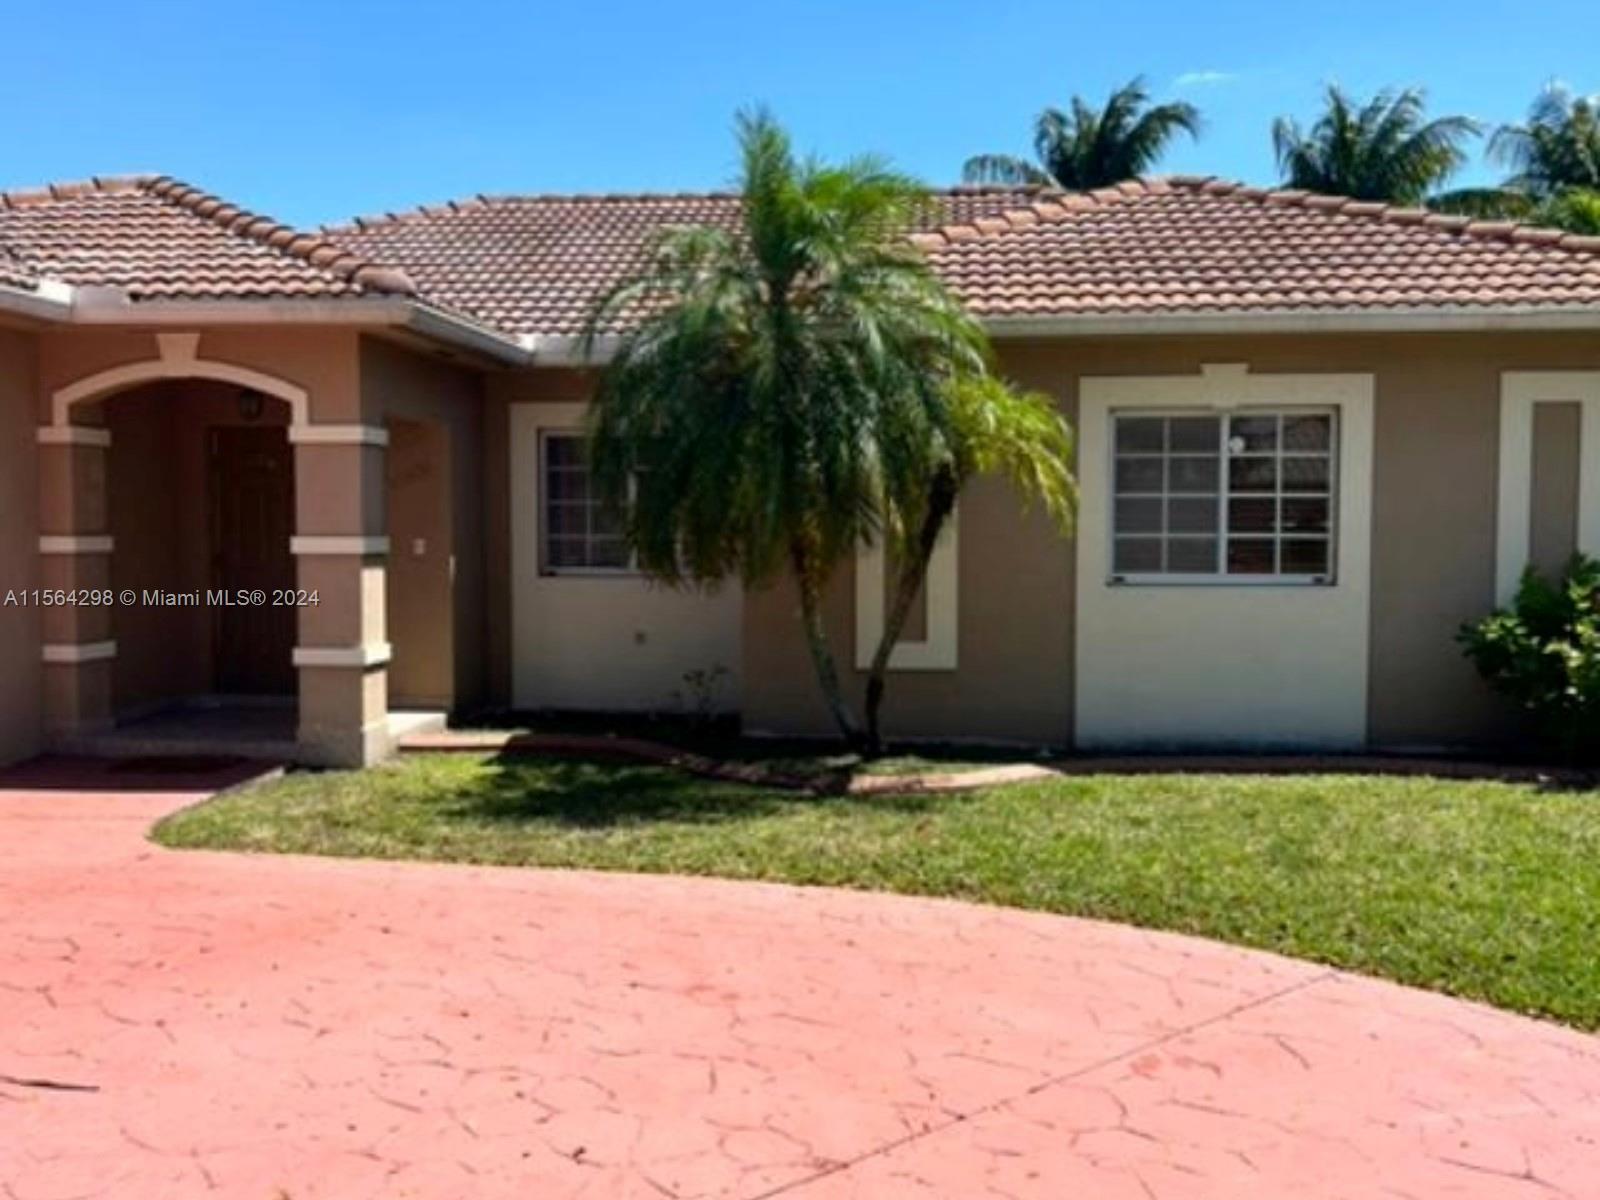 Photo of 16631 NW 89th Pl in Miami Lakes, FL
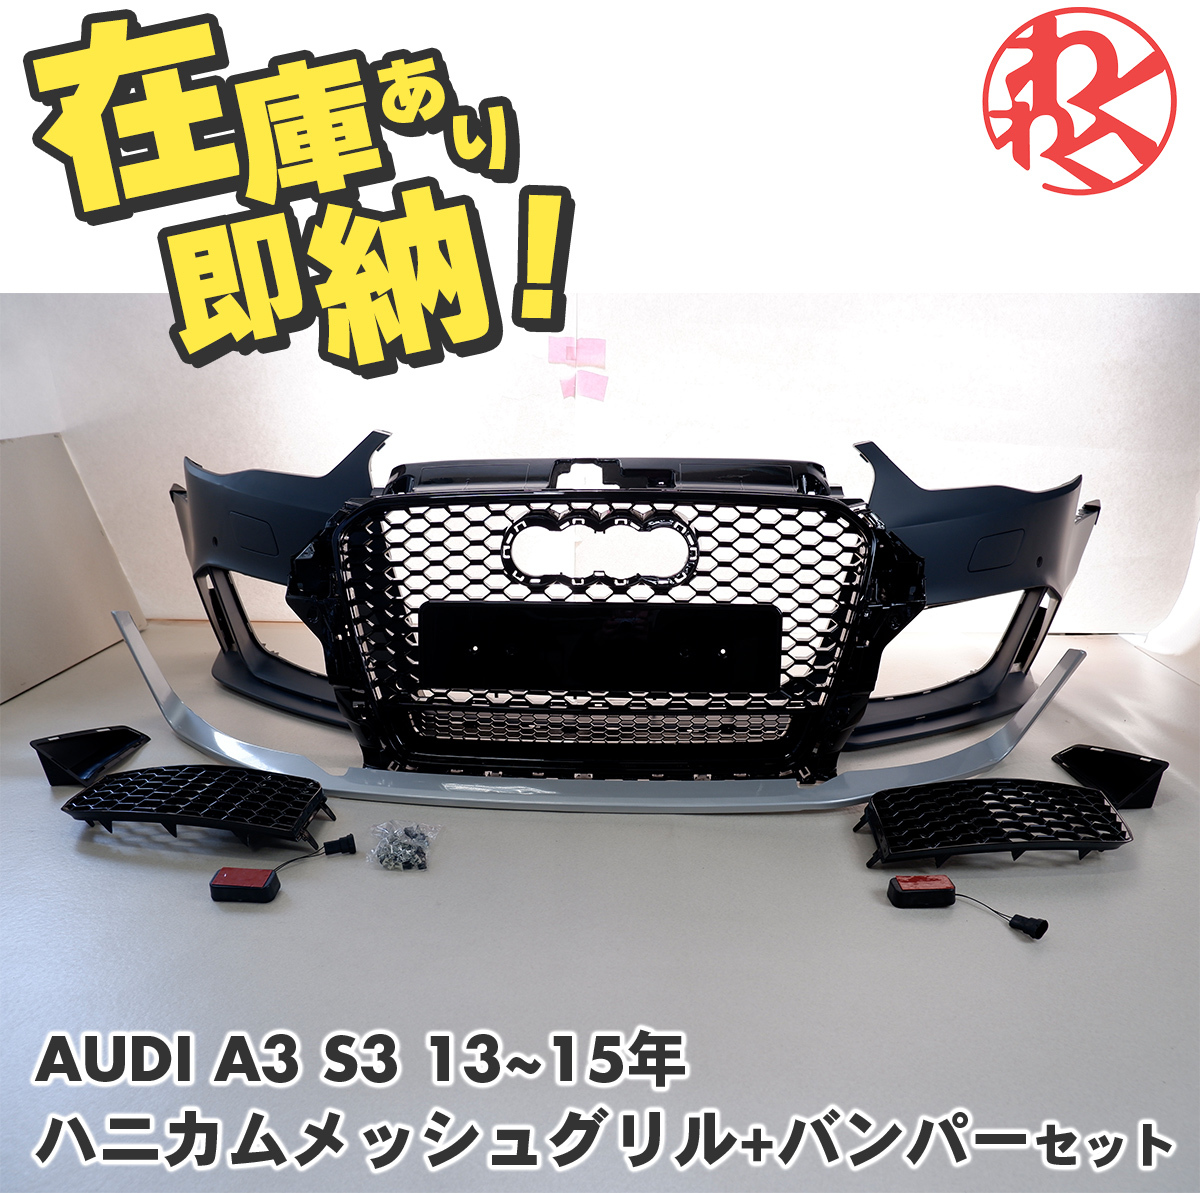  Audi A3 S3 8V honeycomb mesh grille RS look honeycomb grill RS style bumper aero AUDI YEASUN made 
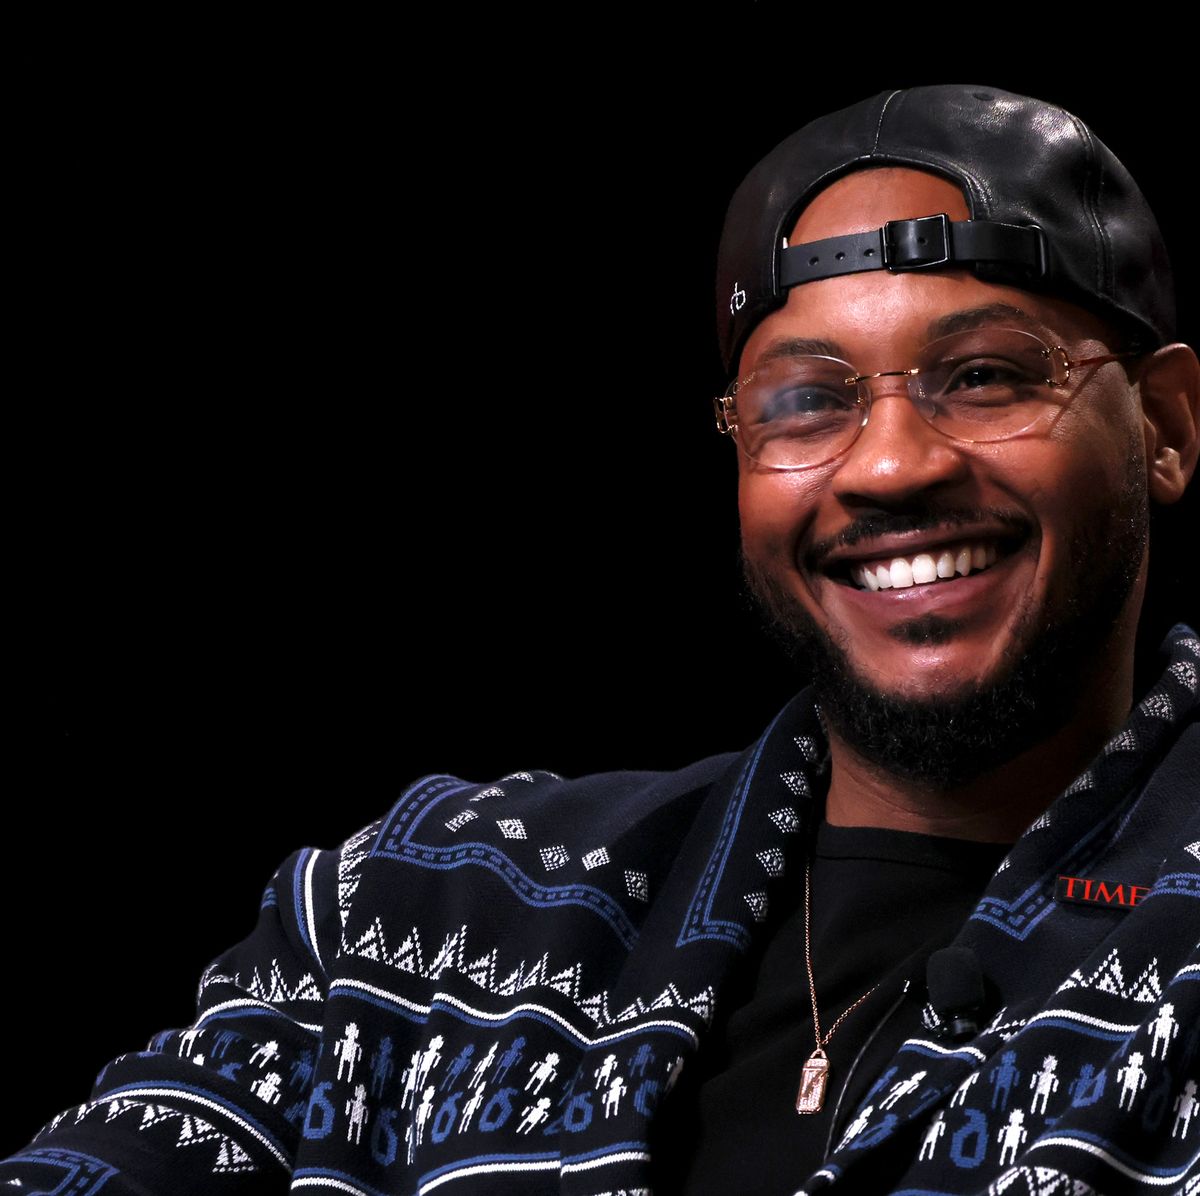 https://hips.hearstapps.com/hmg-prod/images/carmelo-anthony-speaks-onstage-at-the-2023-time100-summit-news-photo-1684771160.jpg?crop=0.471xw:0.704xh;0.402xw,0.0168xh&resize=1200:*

::::::::::

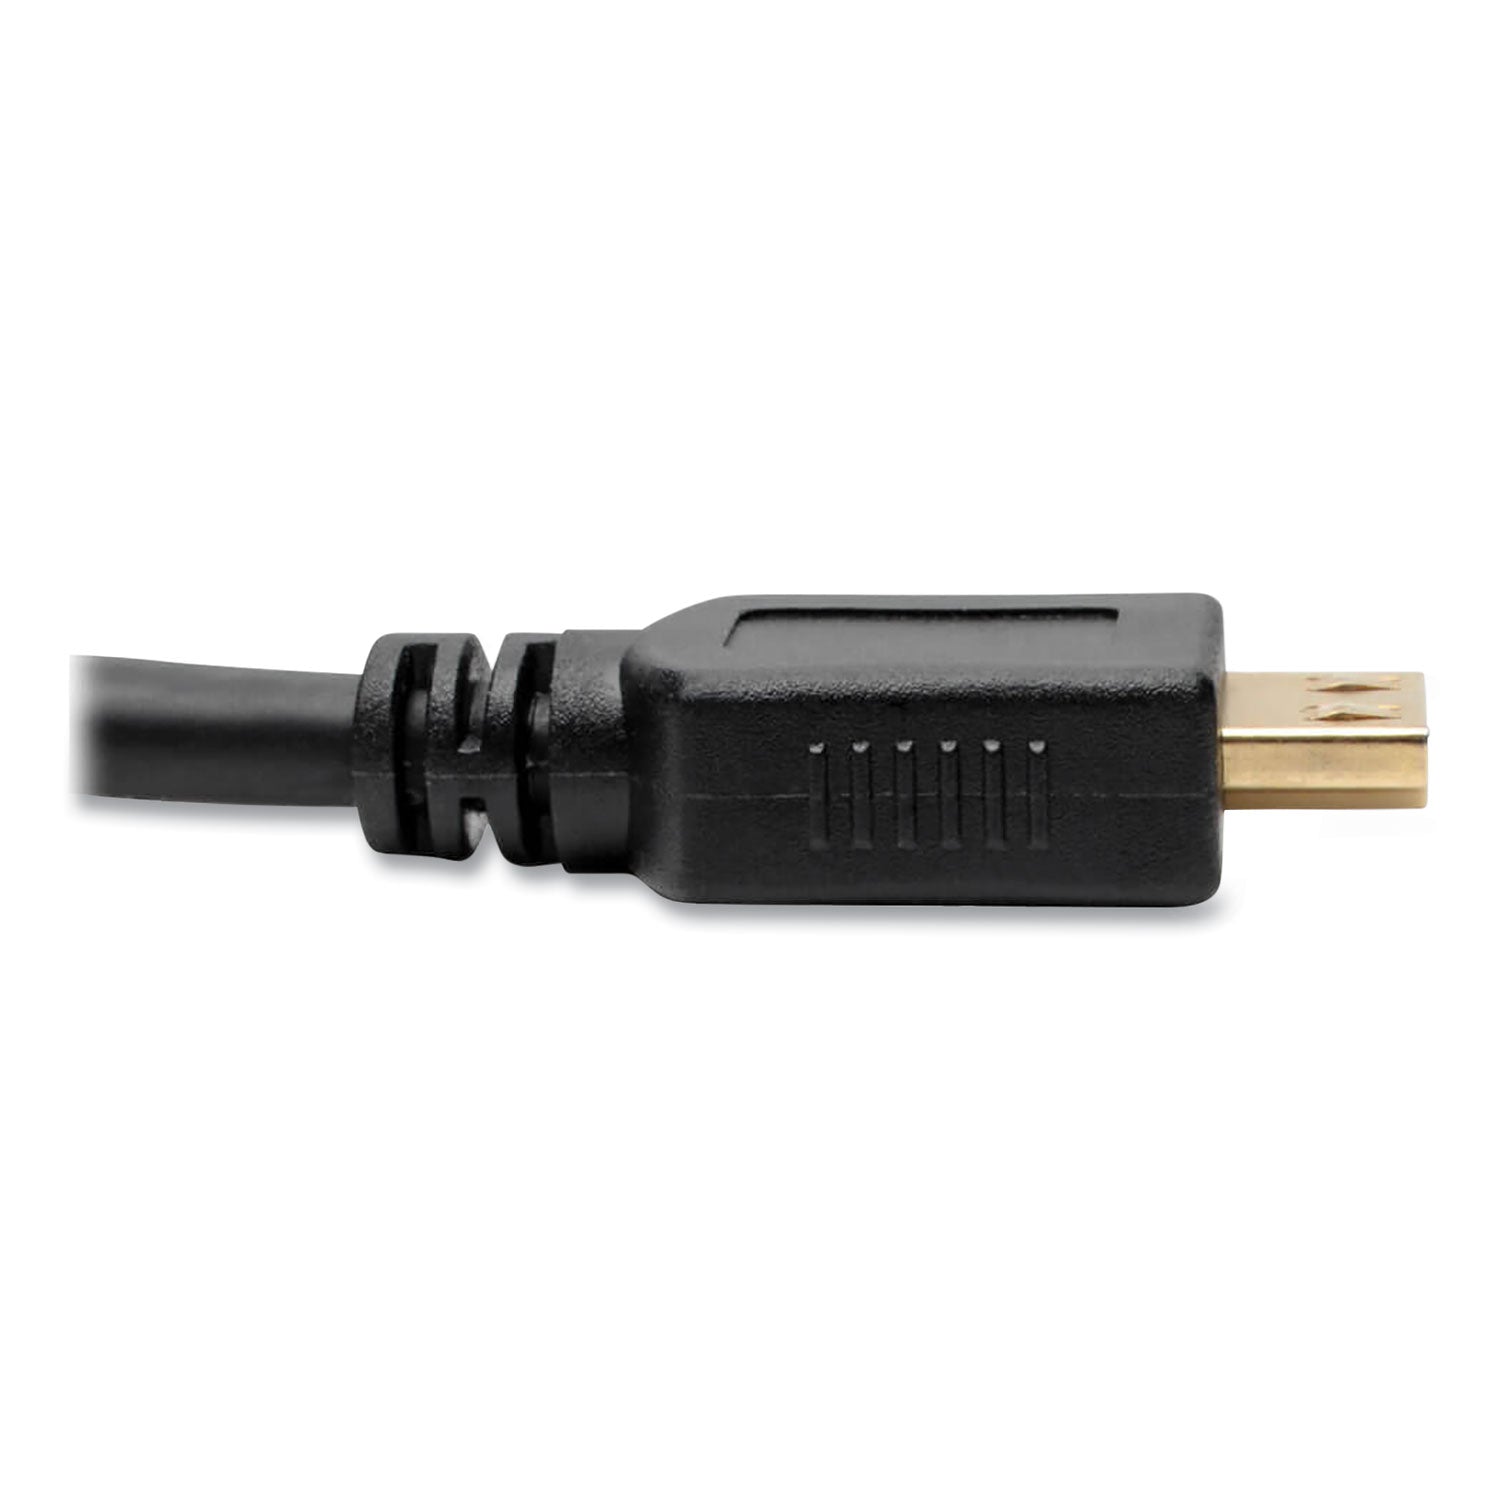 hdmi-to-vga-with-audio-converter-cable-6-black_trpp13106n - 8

::::::::::

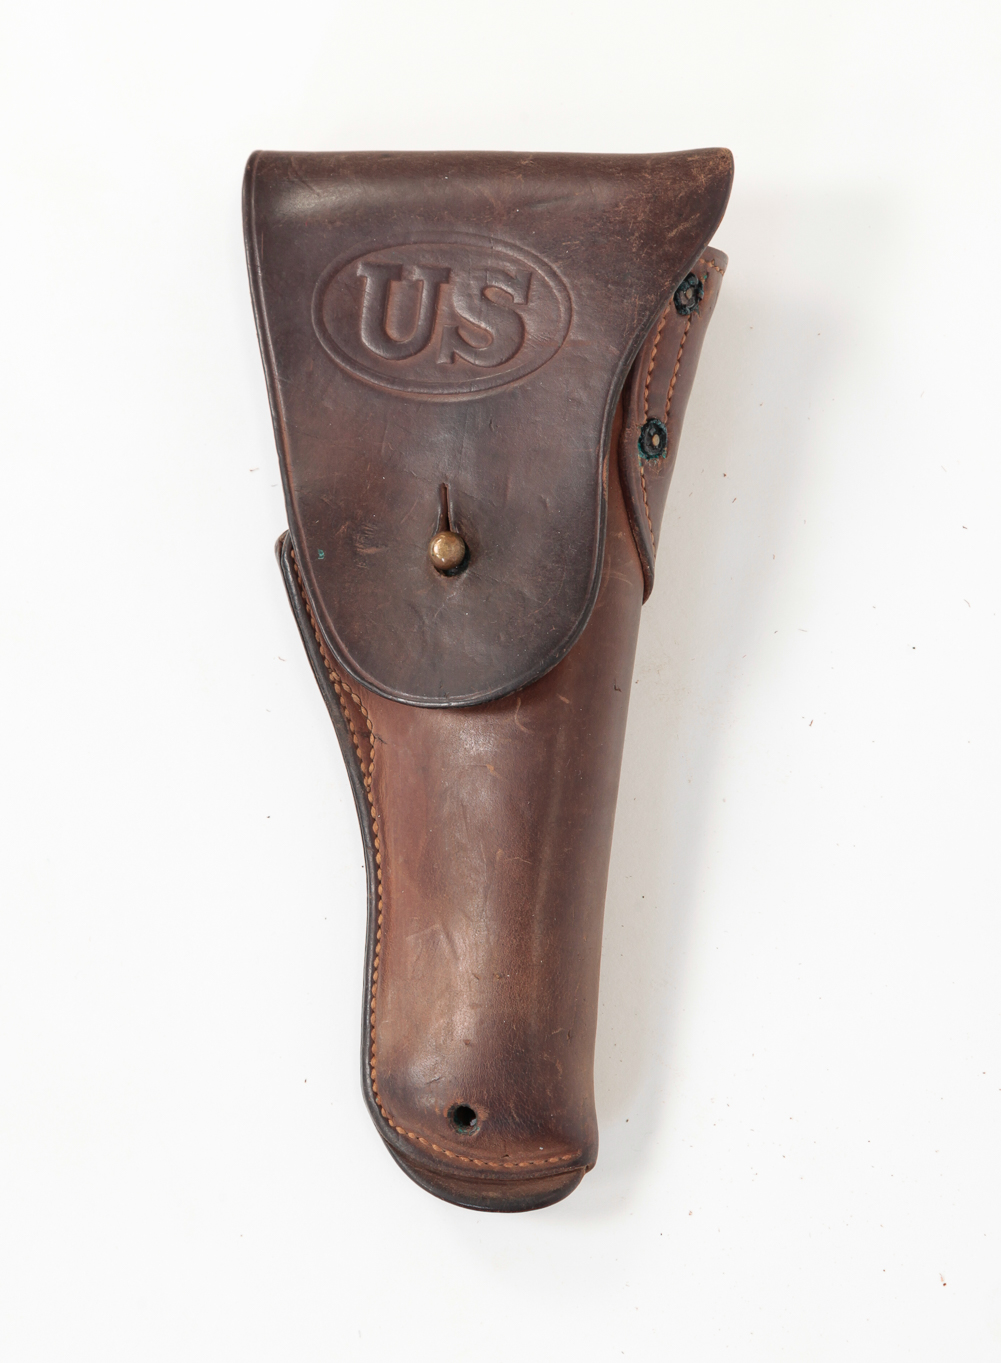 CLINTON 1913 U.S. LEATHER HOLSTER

::::::::::

Exercise aim
Could you transcribe exactly the entries above, but only the lines from the one with "Photo of 16631 NW 89th Pl in Miami Lakes, FL" through the one with "Audi A3 S3 8V", and without pictures?

Answer
 Photo of 16631 NW 89th Pl in Miami Lakes, FL
  Audi A3 S3 8V honeycomb mesh grille RS look honeycomb grill RS style bumper aero AUDI YEASUN made 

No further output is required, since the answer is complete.